Re: [ai-geostats] Why degree of freedom is n-1
This follow-up is slighlty aside the subject line of the mailing list, but as a geologist, this is the only statistically-flavoured one I am subscribed to. Therefore : Federico Pardo <[EMAIL PROTECTED]> said: > Having N samples, and then n degrees of freedom. > One degree of freedom is used (or taken) by the mean calculation. > Then when you calculate the variance or the standard deviation, you only > have left n-1 degrees of freedom. Apart a rigorous calculation I am aware of that in this very case (cf.
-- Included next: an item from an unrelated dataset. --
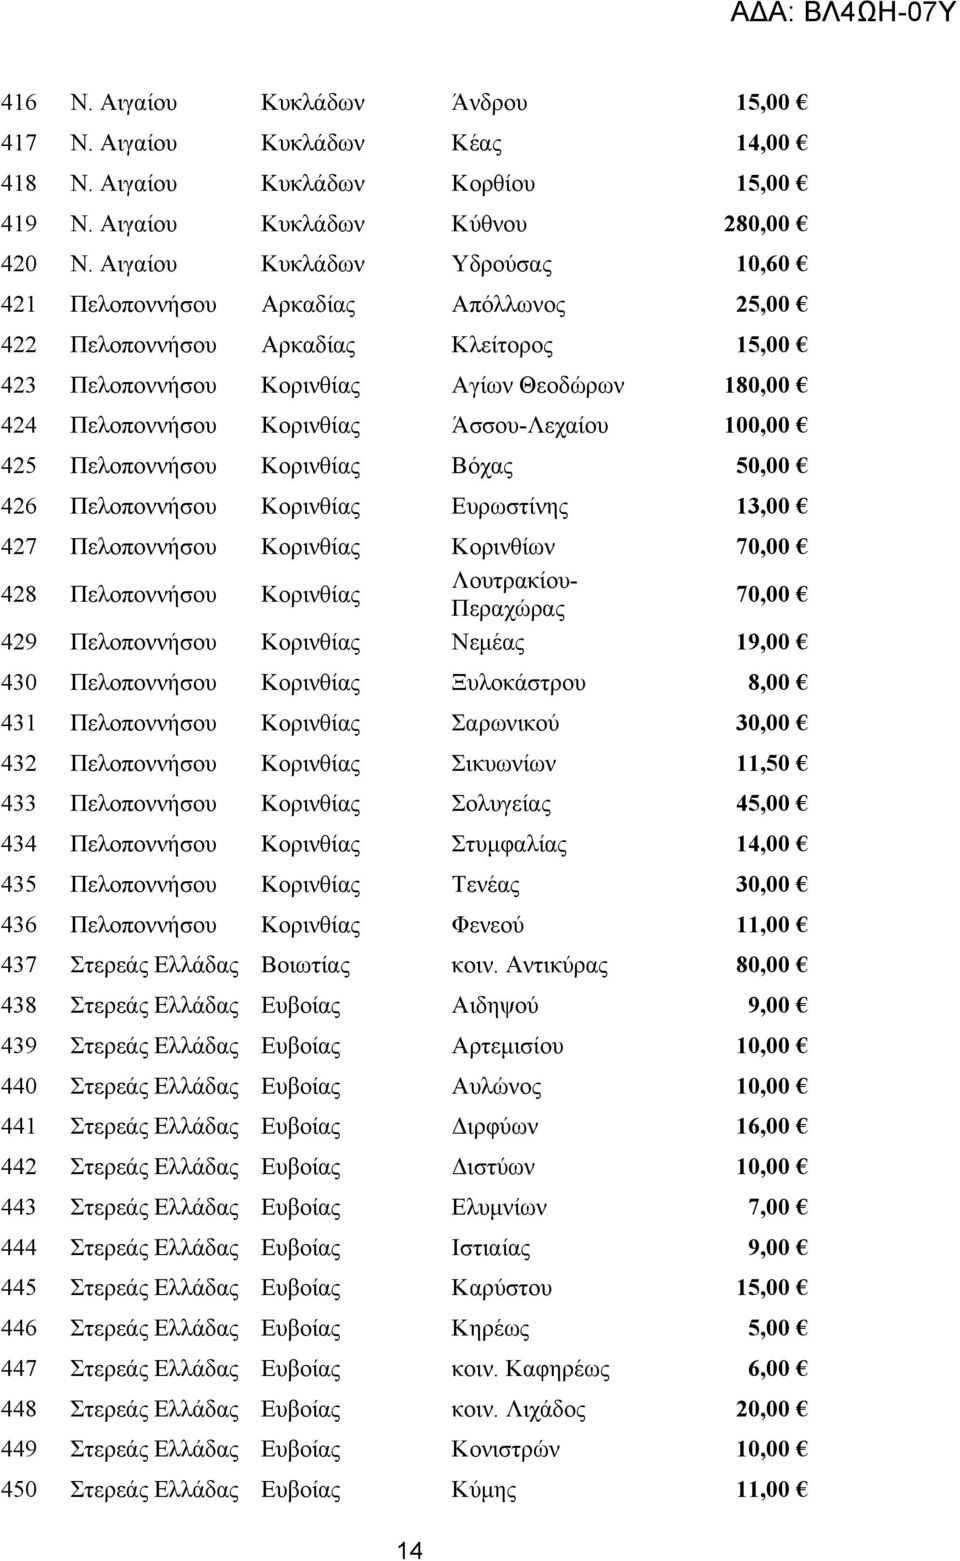 Άσσου-Λεχαίου 100,00 425 Πελοποννήσου Κορινθίας Βόχας 50,00 426 Πελοποννήσου Κορινθίας Ευρωστίνης 13,00 427 Πελοποννήσου Κορινθίας Κορινθίων 70,00 428 Πελοποννήσου Κορινθίας Λουτρακίου- Περαχώρας
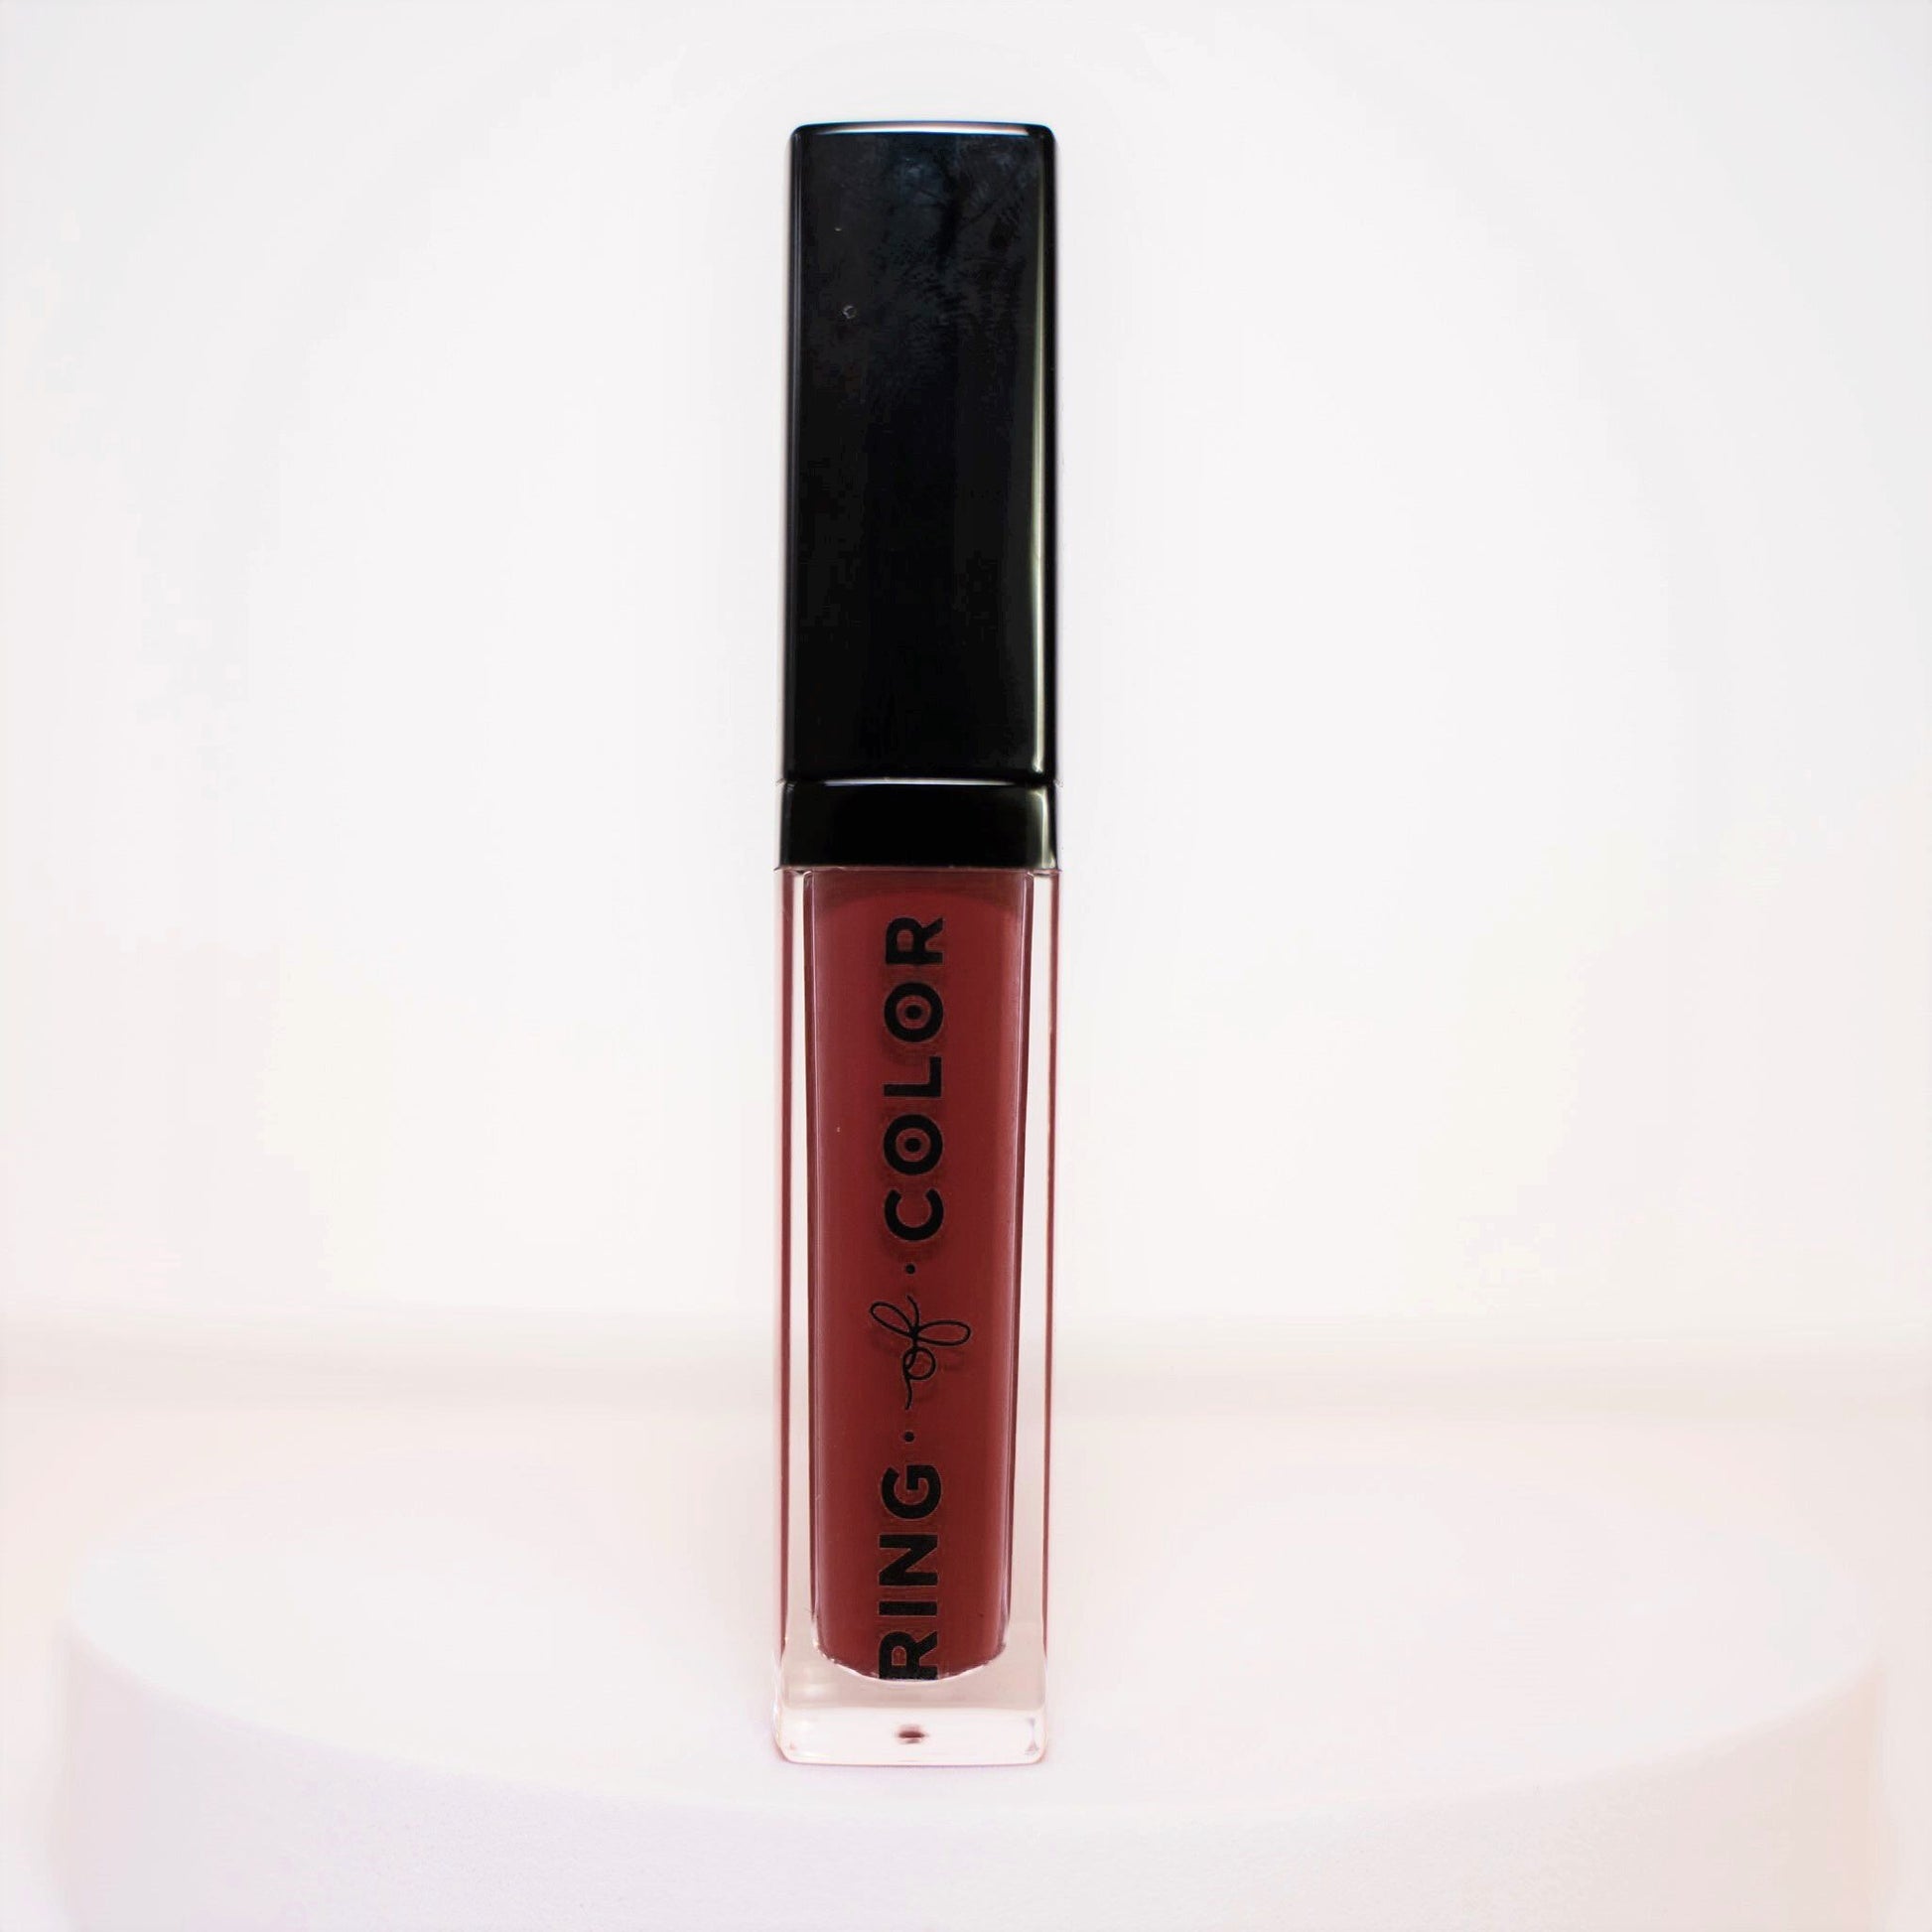 velvet matte liquid lipstick bottle with deep cranberry shade

Peter Bossew's contribution on the same thread, that details it), gives a proof for this rule-of-thumb, what more or less rigourous statistical developments gives consistance to it ? I mean, for the empirical correlation coefficient, rhoXiYi = SUM_i=1..N( (x_i - mx).(y_i - my) / sx / sy ) / WHAT_NUMBER Must WHAT_NUMBER be, for a kind of unbiased estimate ("a kind of" meaning "with some eventual Fisher z-transform"...): * N for simplicity, * N-2 as I have most frequently seen in books that dare give this formula (N points, minus 1 for position and 1 for dispersion ?), * or 2N-4 -- 2N for the (x_i,y_i), minus 4 for {mx,my,sx,sy} -- as a strict application of the rule-of-thumb seems to suggest ? And what about, when fitting for instance a 3-parameter non-linear function, reducing the number of degrees of freedom, to N-3 (number of points, minus one for each function parameter ? I have never read any kind of explanation to support it, though it seems widely Thanks in advance for enlightments or simply tracks for other resources of explanations. -- ?ric L. * By using the ai-geostats mailing list you agree to follow its rules ( see http://www.ai-geostats.org/help_ai-geostats.htm ) * To unsubscribe to ai-geostats, send the following in the subject or in the body (plain text format) of an email message to [EMAIL PROTECTED] Signoff ai-geostats
[Fwd: Re: [ai-geostats] natural neighbor applied to indicator transforms]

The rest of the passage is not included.